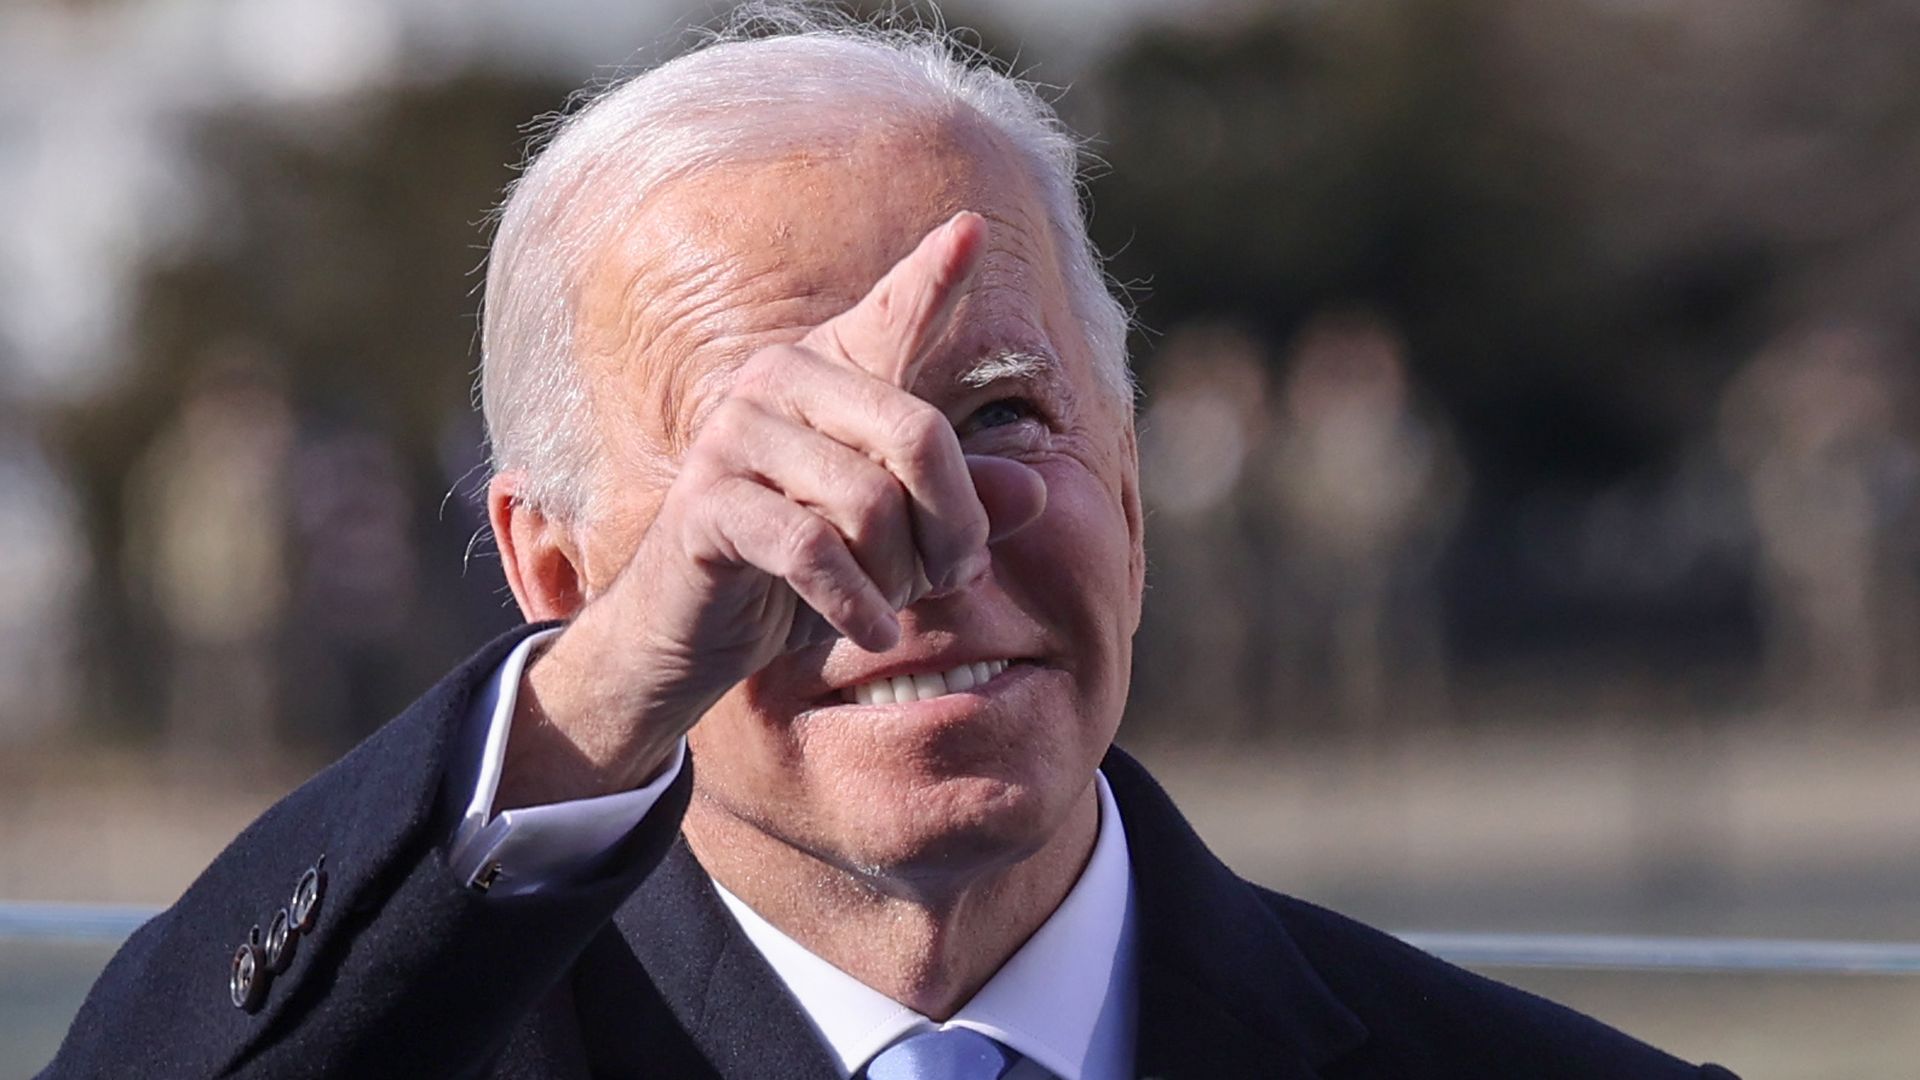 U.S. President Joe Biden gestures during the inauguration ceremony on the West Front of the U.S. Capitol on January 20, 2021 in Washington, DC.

==

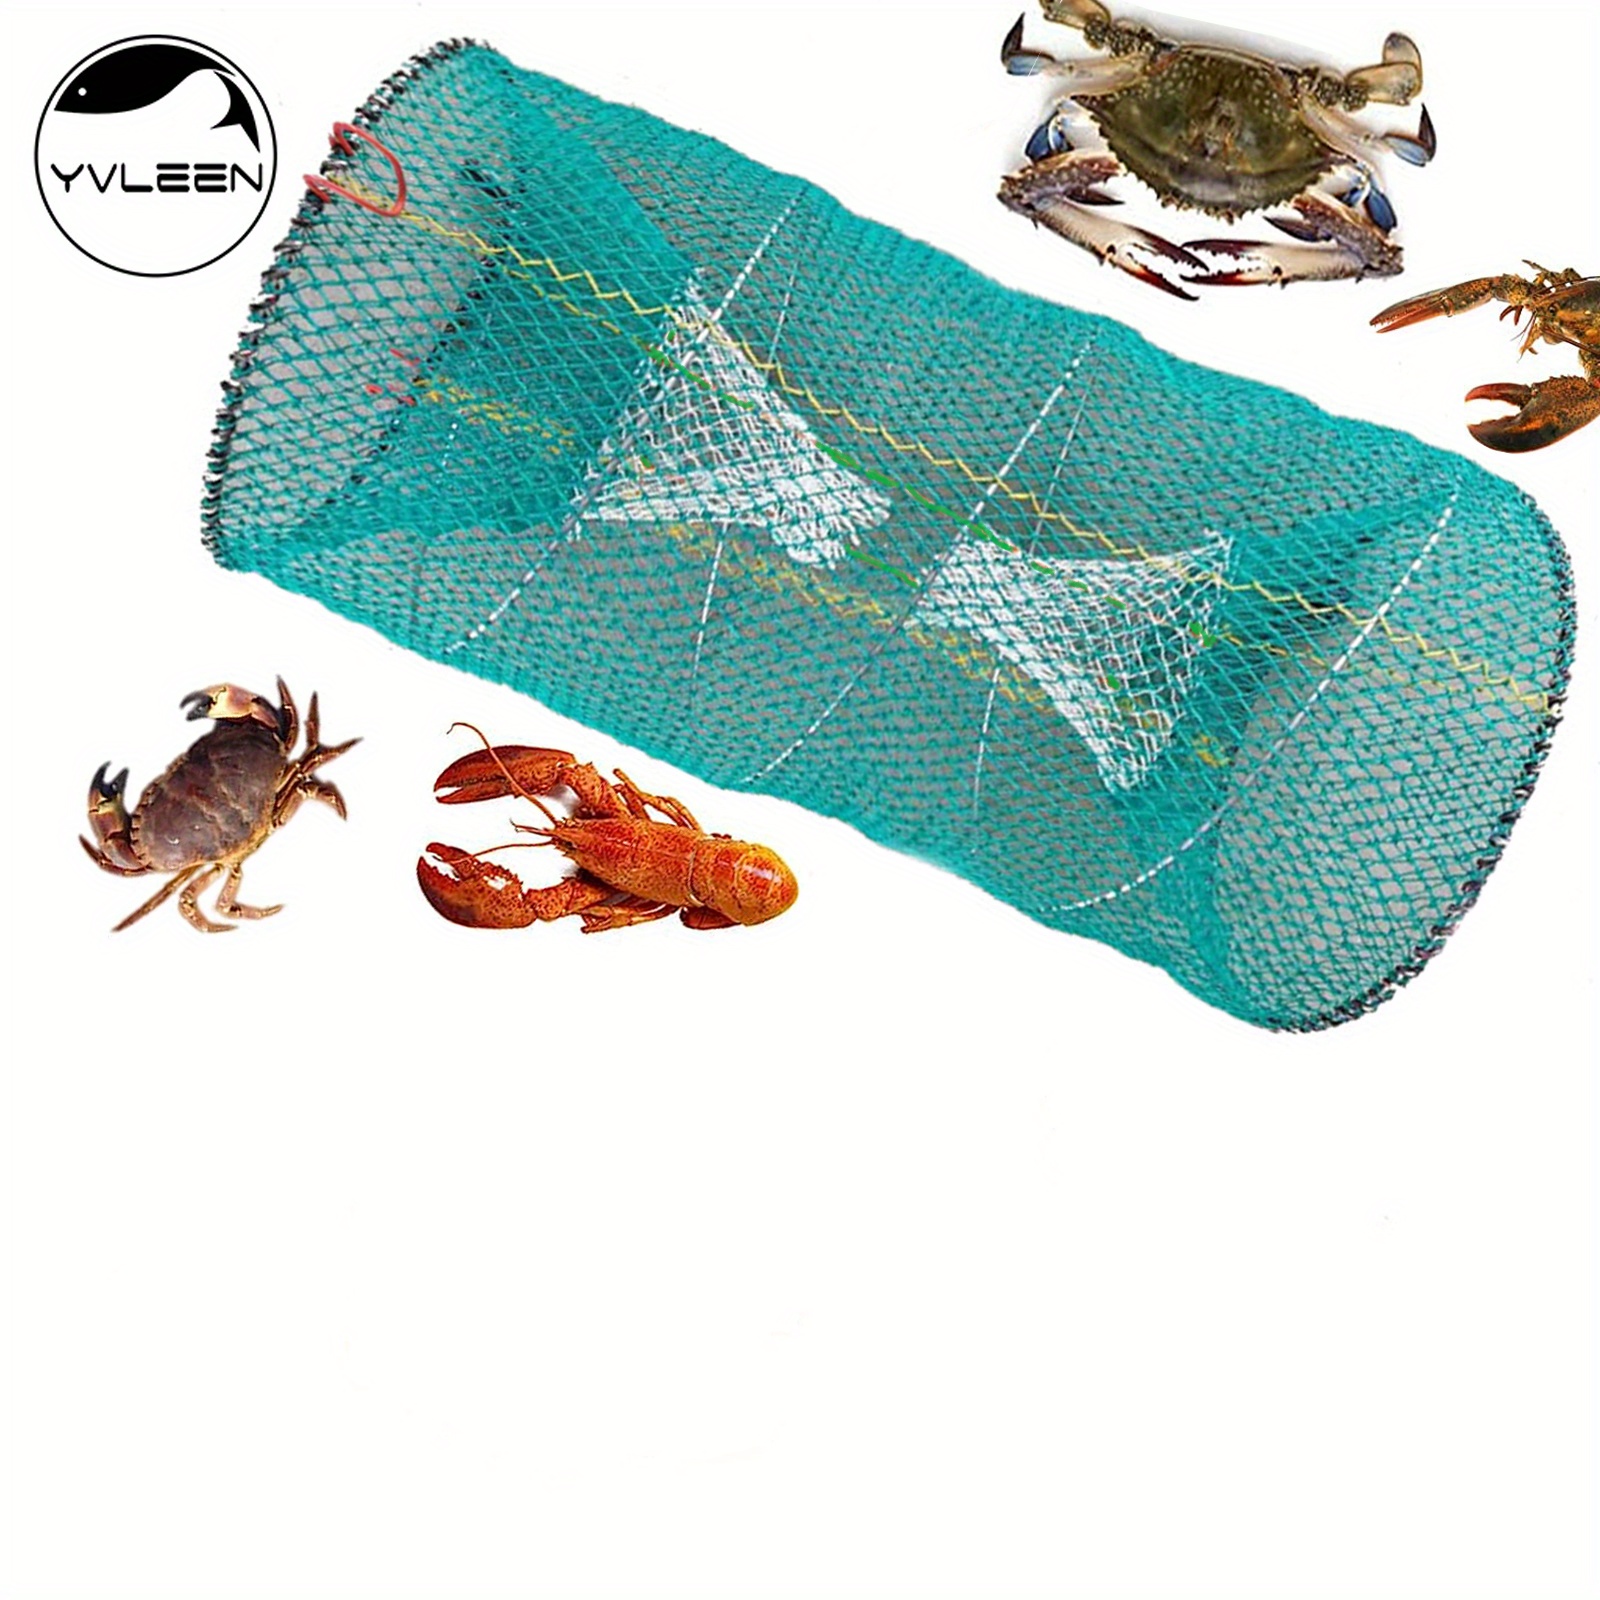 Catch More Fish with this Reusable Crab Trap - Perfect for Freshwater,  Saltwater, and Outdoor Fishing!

---

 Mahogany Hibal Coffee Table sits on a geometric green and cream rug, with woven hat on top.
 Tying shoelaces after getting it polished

§ **WORK TO BE COMPLETED**: In the entries above, restate word for word the lines between the one holding "Mahogany Hibal Coffee" and the one holding "Tying shoelaces after getting it polished", inclusive, and nothing besides.

§ **RESPONSE**:
 Mahogany Hibal Coffee Table sits on a geometric green and cream rug, with woven hat on top.
 Tying shoelaces after getting it polished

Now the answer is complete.